The Metabolomics Service and Research Facility provides services for the quantitative analysis of small molecules and metabolites.
Biological research in the post-genomic era has become largely dependent on advanced technologies and high-end instrumentation, allowing large-scale analysis of biological systems and processes. The most recent approach in -omics technologies, metabolomics, aims for a comprehensive and quantitative picture of small biomolecules in biological samples. The analysis of metabolomes allows the direct read-out of molecular phenotypes, representing the nexus of interactions between the genome and the environment. The beauty of the approach is that the metabolome directly represents the biochemical condition of cells, tissues, and organisms, thus allowing insights into perturbed biochemical pathways.
Our LC-MS/MS platforms provide both targeted and nontargeted metabolomics analysis of biological samples, revealing changes in metabolic pathways, consequences of various perturbations or simply quantifying small molecules of any origin. The facility has established methods for more than 1000 metabolites and additionally offers methods development on demand.
- Targeted metabolomics.
- Stable isotope tracer analysis.
- Global (nontargeted) metabolite profiling.

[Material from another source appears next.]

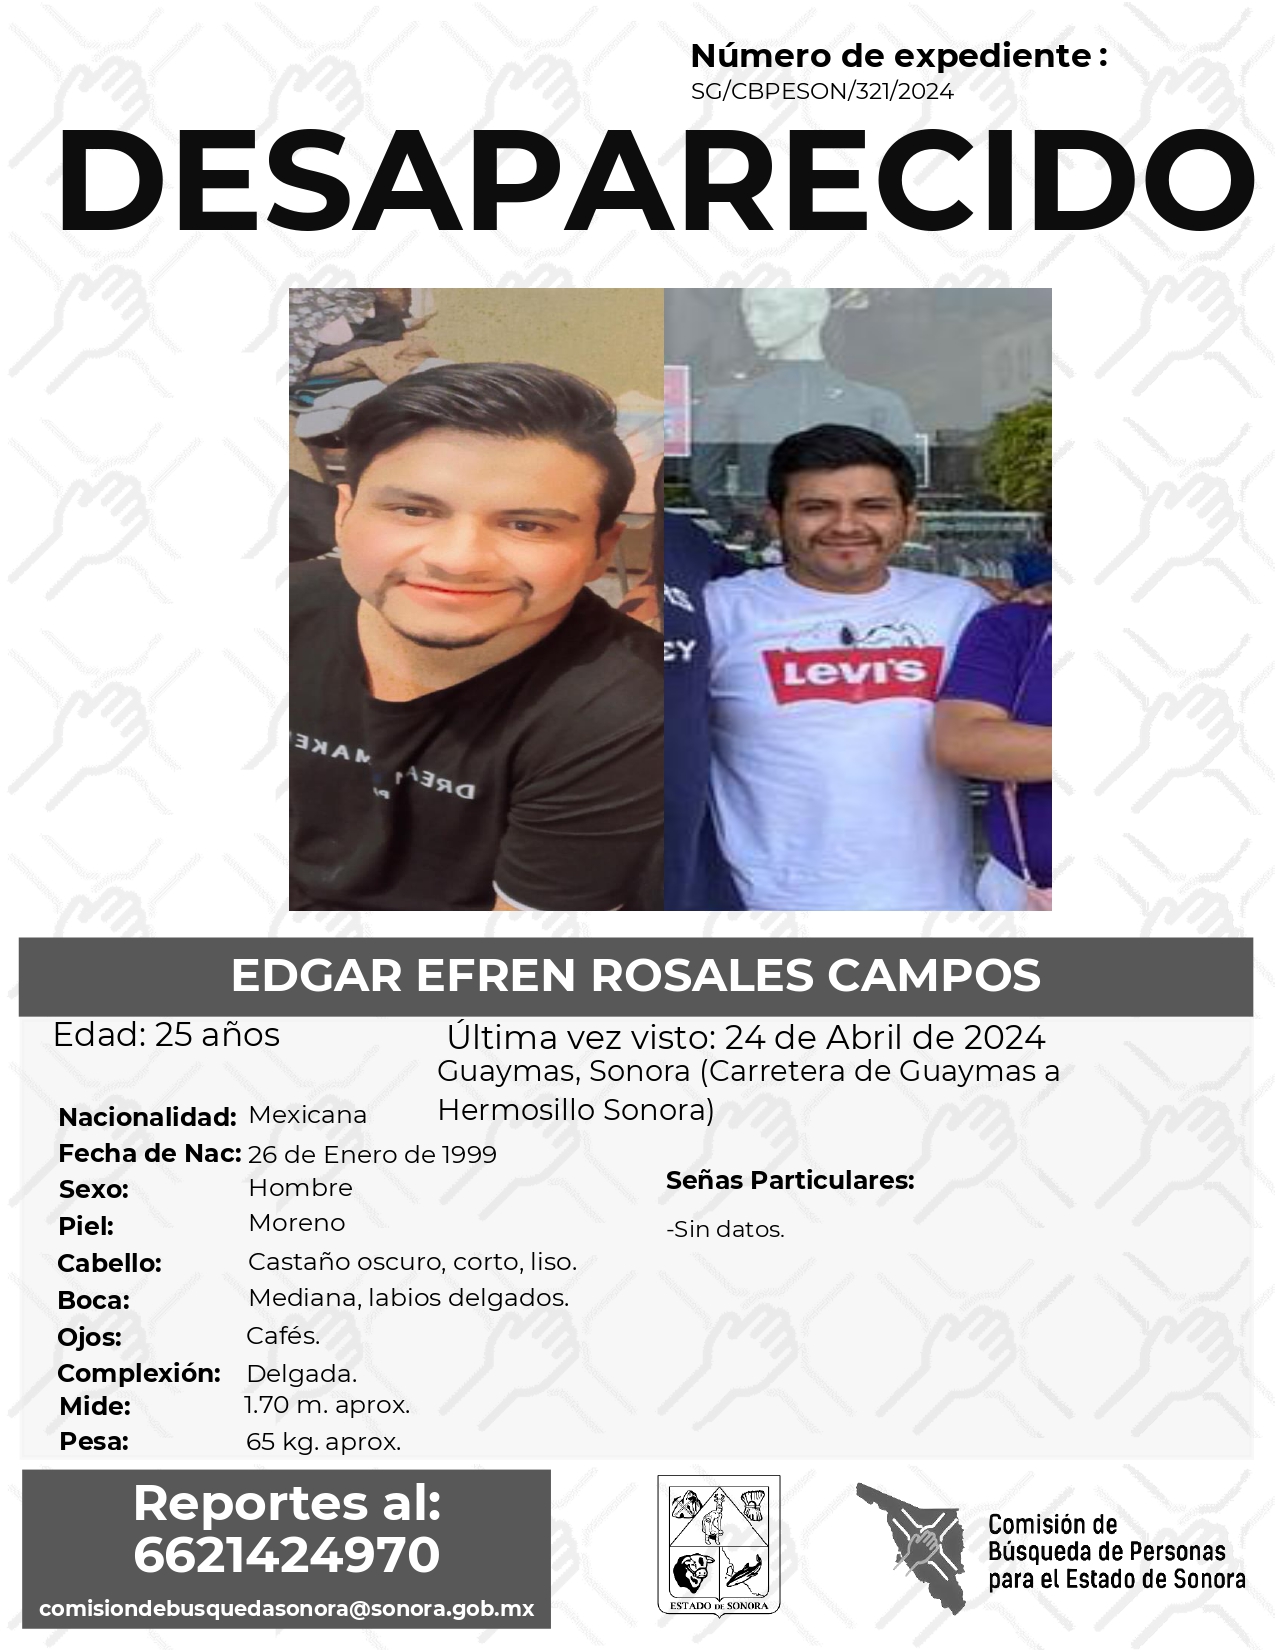 EDGAR EFREN ROSALES CAMPOS - DESAPARECIDO

- Small molecule analysis: identification & quantification.
We provide analysis of user-defined compounds in extracts from biological samples by targeted liquid chromatography-tandem mass spectrometry (LC-MS/MS). Our services are not limited to biomolecules but include other small molecules such as drugs.
The facility has a growing portfolio of LC-MS/MS methods for almost 1000 small molecules spanning over a wide variety of metabolites from different substance classes such as amino acids, bile acids, carboxylic acids (e.g. citric acid, stearic acid), coenzymes (NAD+/H, Acetyl-CoA/CoA, etc.), ketone bodies, lipids, mono amines (dopamine etc.), nucleoside tri-, di-, mono-phosphates, coenzymes (NAD+/H, Acetyl-CoA/CoA, etc.). We also offer methods development for small molecule analysis on demand.

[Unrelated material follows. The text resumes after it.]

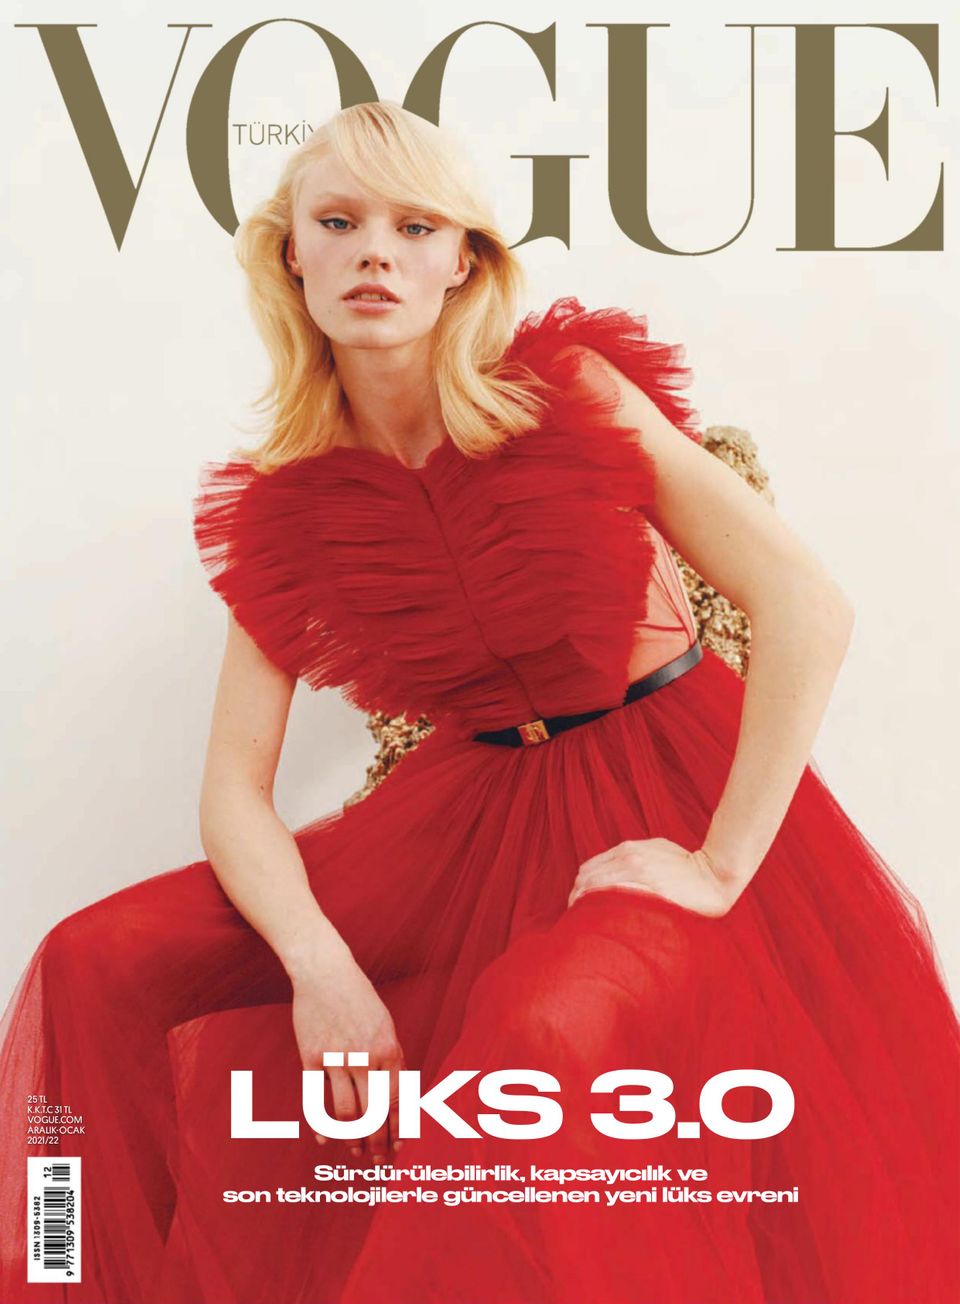 Vogue TÜRKİYE December 2021/January 2022

We offer the analysis of panels consisting of metabolites of biochemical pathways such as the TCA cycle, glycolysis, purine and pyrimidine metabolism, urea cycle, amino acid metabolism or the pentose phosphate pathway but also tailor-made panels.
Additionally, we offer methods development on demand and more sophisticated assays such as stable isotope tracer analysis (e.g. 13C, 15N). In addition to relative quantification, the absolute quantification of metabolites is also offered.

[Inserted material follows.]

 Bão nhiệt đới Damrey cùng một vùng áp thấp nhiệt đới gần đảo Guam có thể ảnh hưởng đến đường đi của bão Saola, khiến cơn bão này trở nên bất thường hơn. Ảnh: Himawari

The facility offers global metabolite profiling employing liquid chromatography on-line coupled to high-resolution tandem mass spectrometry. Each sample is measured twice, with two different separation techniques hydrophilic interaction liquid chromatography (HILIC) and reversed phase chromatography, maximizing coverage of the metabolome.
The technique provides a hypothesis-free description of metabolic differences between samples caused by different genotypes or any perturbations of the system, usually detecting more than 1,000 distinct small molecules. Many of them will be identified with high confidence by our steadily growing in-house library containing more than 500 compounds. Another subset of the detected compounds will be identified by searching public databases.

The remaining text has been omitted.